- Born: Darwen, Lancashire, England
- Known for: Mosaics, 'Newsaics'
- Notable work: Jimi in Plectrums (2011); Lemmy in ceramic tiles (2006);

= Ed Chapman (artist) =

British mosaic artist

Ed Chapman (born 1971), in Darwen, Lancashire is a mosaic artist, the son of artist Margaret Chapman who was from the Northern School.

Chapman became a professional artist in the 1990s. His artistic influences include Chuck Close, Robert Rauschenberg, and Jamie Reid. His work has sold in more than 25 countries, and has been exhibited in galleries in the UK and around the world.
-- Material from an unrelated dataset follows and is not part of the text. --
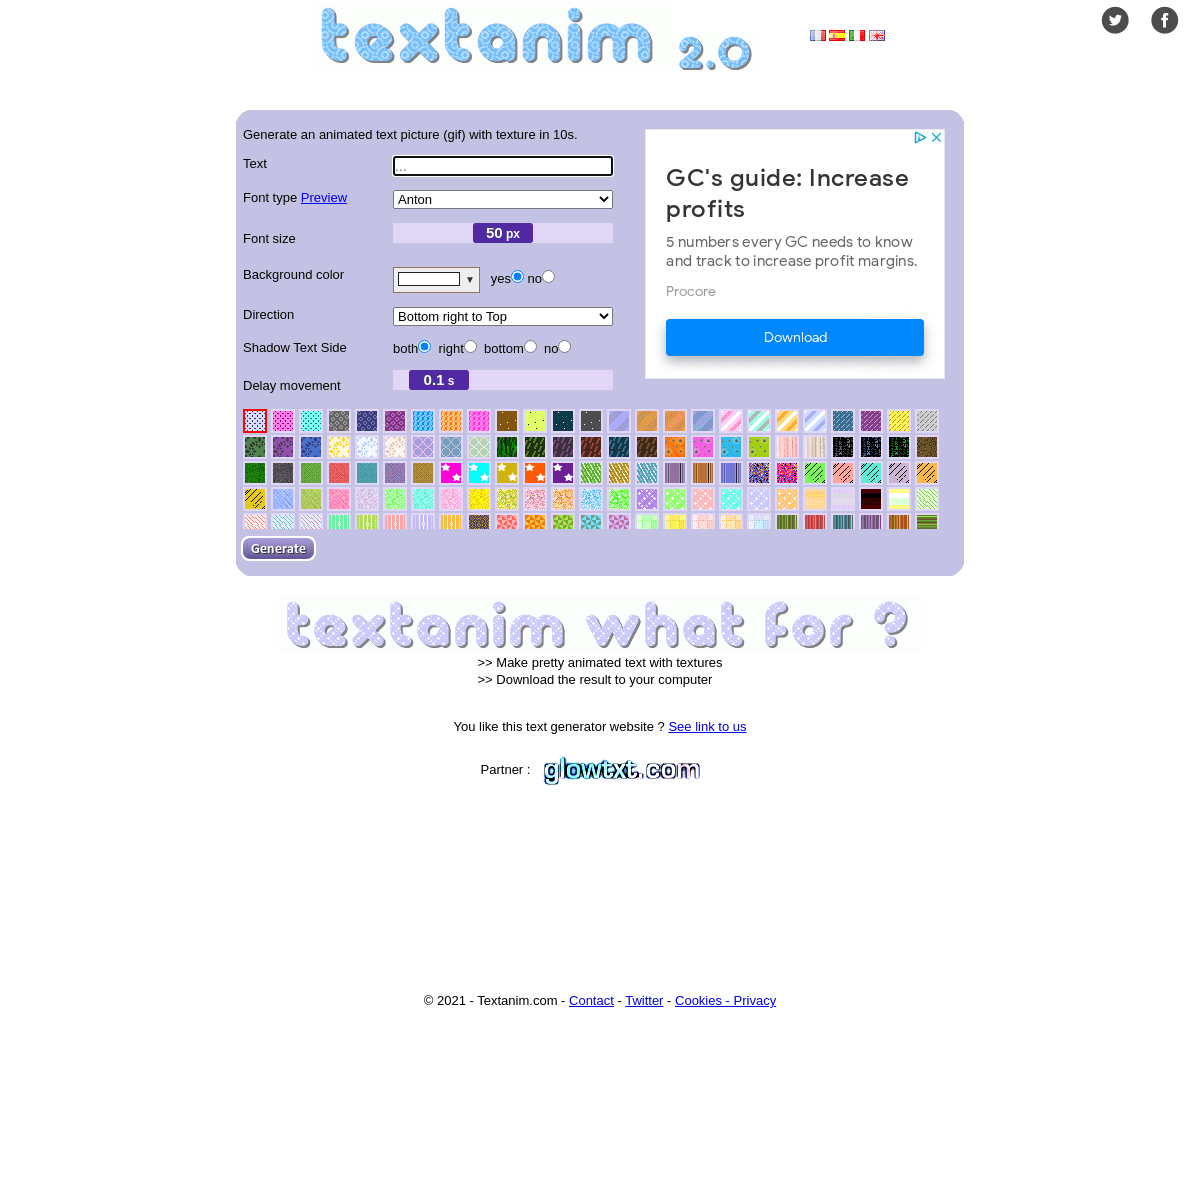 A complete backup of https://textanim.com

He has created several 'firsts' in mosaic, including Jimi Hendrix from Fender guitar picks, tennis star Andy Murray on carpet made from household items like tomato sauce and lipstick, Albert Einstein in metal, a chewing gum mosaic, a bullets mosaic and several others. Among his mosaics are portraits of David Bowie, Nelson Mandela, David Beckham in penny coins, Alan Sugar (done in sugar cubes) and Eric Cantona. Annie Lennox, Lemmy the founding member of Motörhead and chef Gordon Ramsay are among the clients who have commissioned a work by him. His portrait of Richard Burton incorporating 500 million-year-old Welsh slate was commissioned by the actor's widow Sally Burton in 2015 to mark 90 years since the actor's birth. The portrait is at Swansea University.

Chapman's mosaic of Jimi Hendrix, made of 5000 Fender guitar picks was auctioned for £23,000/$35000, one of the highest prices ever paid for a mosaic piece of art - with proceeds going to Cancer Research UK.